- Accoville Accoville
- Coordinates: 37°46′7″N 81°50′13″W﻿ / ﻿37.76861°N 81.83694°W
- Country: United States
- State: West Virginia
- County: Logan

Area
- • Total: 3.23 sq mi (8.37 km^{2})
- • Land: 3.22 sq mi (8.35 km^{2})
- • Water: 0.0077 sq mi (0.02 km^{2})
- Elevation: 830 ft (250 m)

Population (2020)
- • Total: 599
- • Density: 178/sq mi (68.7/km^{2})
- Time zone: UTC-5 (Eastern (EST))
- • Summer (DST): UTC-4 (EDT)
- ZIP code: 25606
- Area codes: 304 & 681
- FIPS code: 54-00196
- GNIS feature ID: 1534798

= Accoville, West Virginia =

Accoville is an unincorporated community and census-designated place (CDP) in Logan County, West Virginia, United States. The community lies along Buffalo Creek. As of the 2020 United States census, its population was 599 (up from 574 at the 2010 census).

==Geography==
Accoville is in southeastern Logan County, in the valley of Buffalo Creek, and extending to the east up its Right Fork. It is bordered by Amherstdale to the northeast (up Buffalo Creek) and by Kistler to the southwest (down the creek). Logan, the county seat, is 16 mi to the northwest, down Buffalo Creek and then the Guyandotte River.

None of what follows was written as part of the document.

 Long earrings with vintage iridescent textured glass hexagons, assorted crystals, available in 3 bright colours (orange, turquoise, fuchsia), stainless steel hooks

According to the U.S. Census Bureau, the Accoville CDP has a total area of 8.4 sqkm, of which 0.02 sqkm, or 0.21%, are water.

==History==
Accoville derived its name from the local Amherst Coal Company (ACCO).

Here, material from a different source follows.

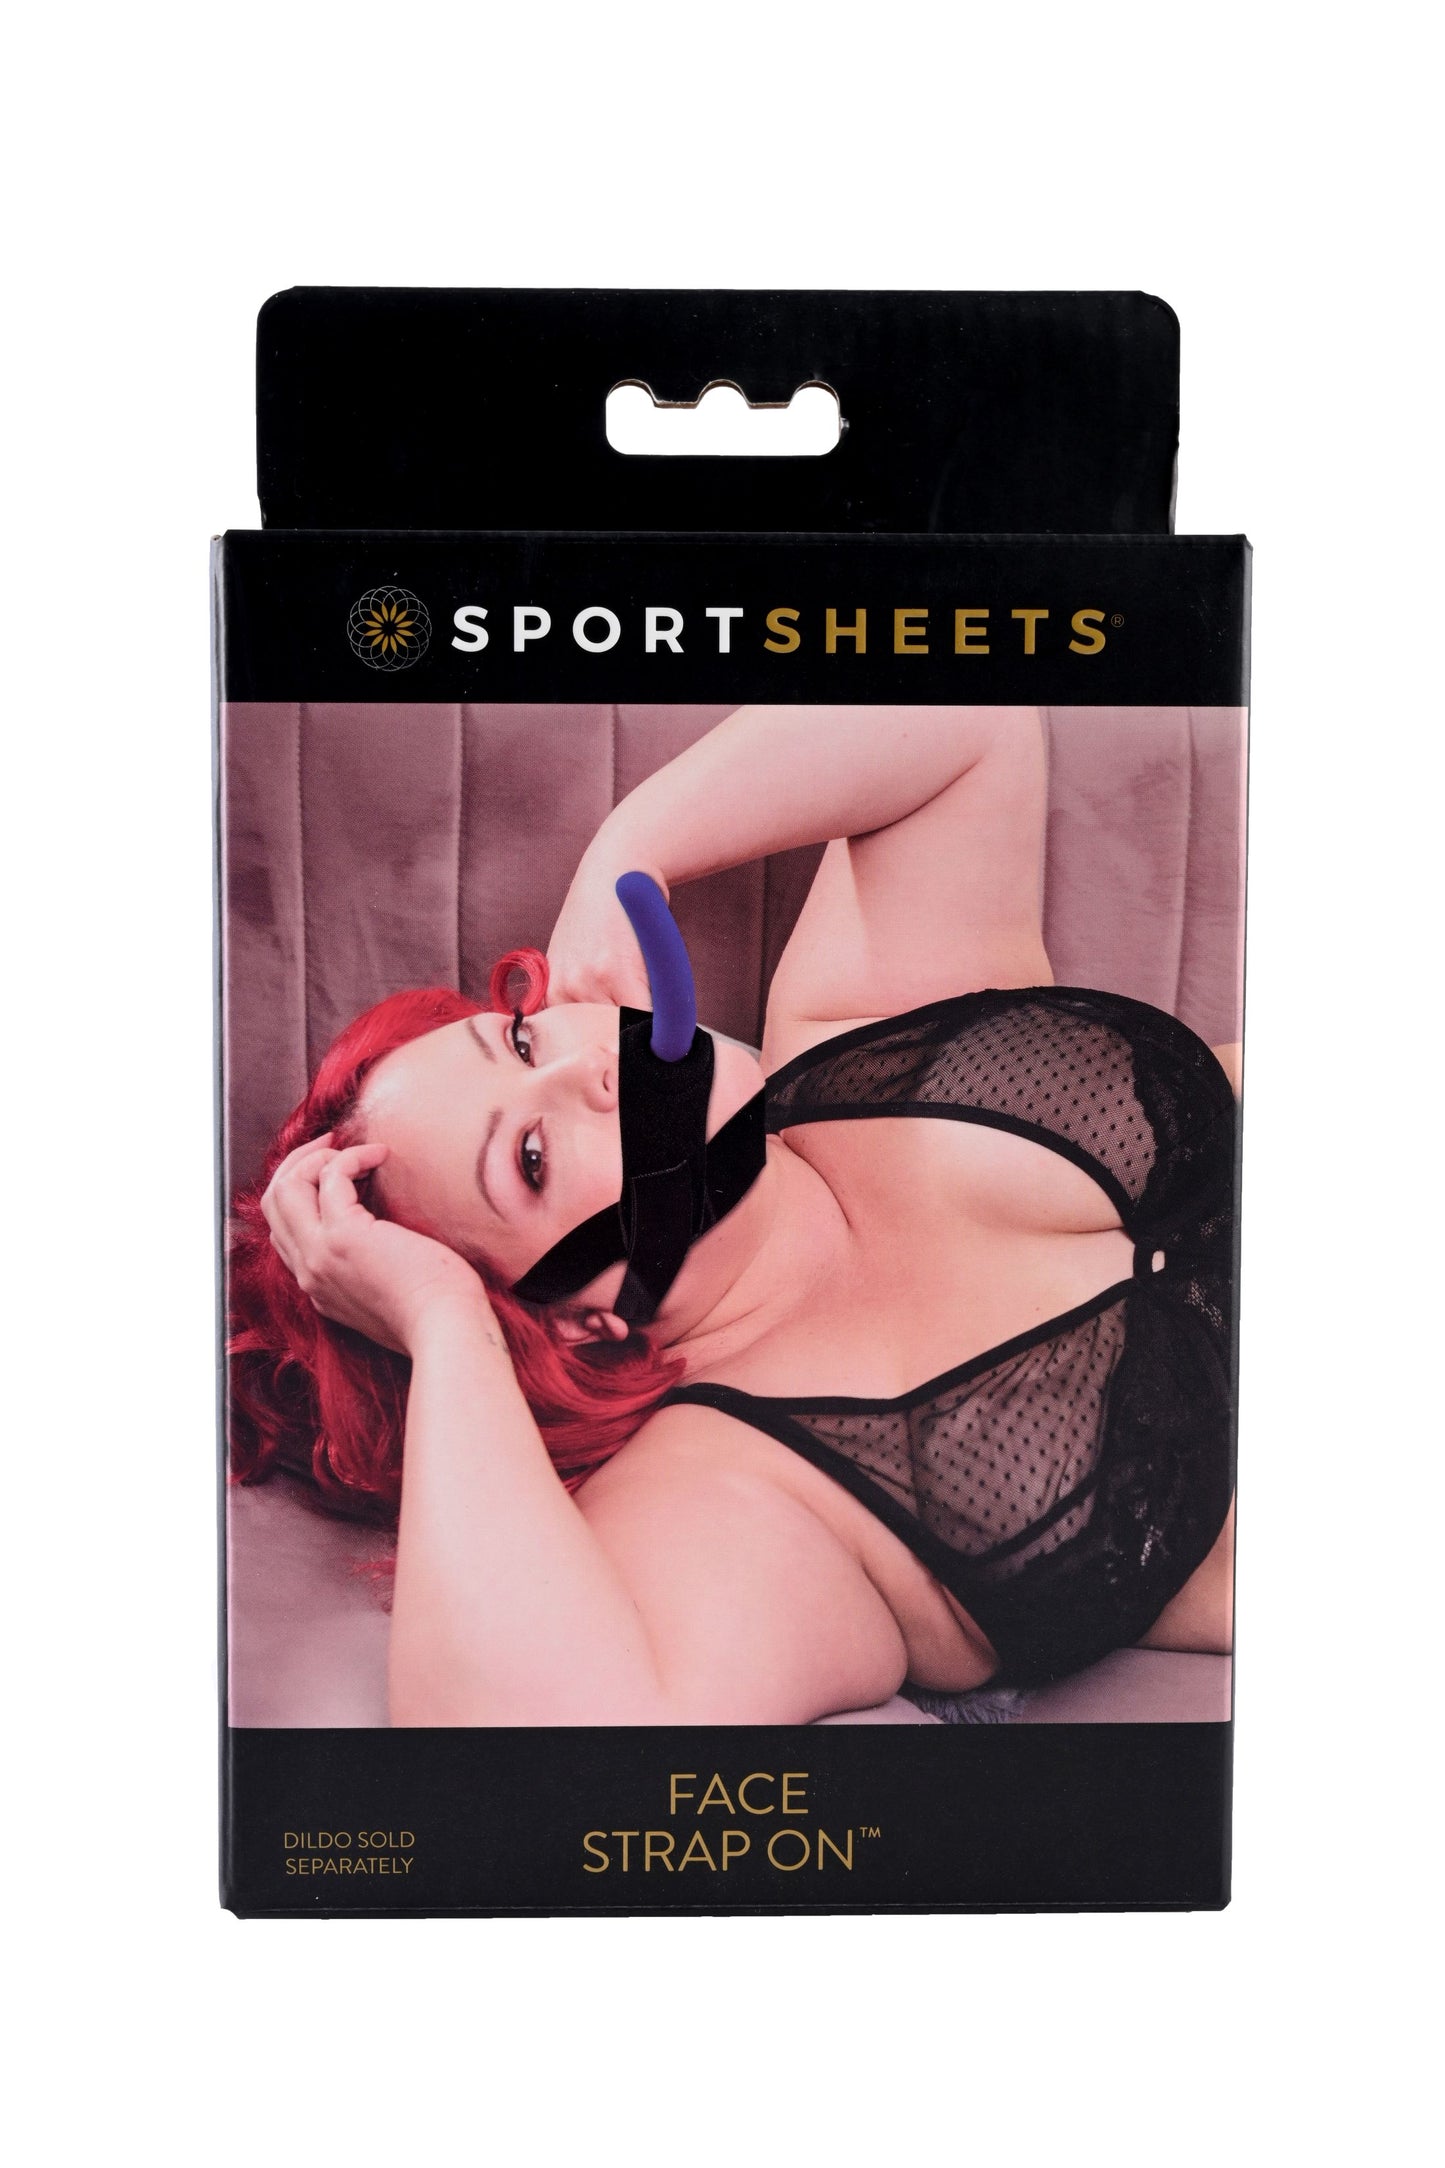 Sportsheets Face Strap-On in its box (dildo not included).

Accoville was in the path of the Buffalo Creek flood in 1972. The devastating man made disaster was caused by a Coal Mine dam failure located by a hillside.

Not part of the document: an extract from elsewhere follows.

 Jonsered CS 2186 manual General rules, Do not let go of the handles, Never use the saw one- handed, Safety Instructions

Accoville's Don Israel Bragg, 33, was killed in the 2006 Aracoma Alma Mine disaster in Melville, along with Ellery Hatfield, 47, of Simon.

==Notable people==
Accoville is the birthplace of Ted Belcher, a U.S. Army soldier and recipient of the U.S. military's highest decoration, the Medal of Honor, for his actions in the Vietnam War.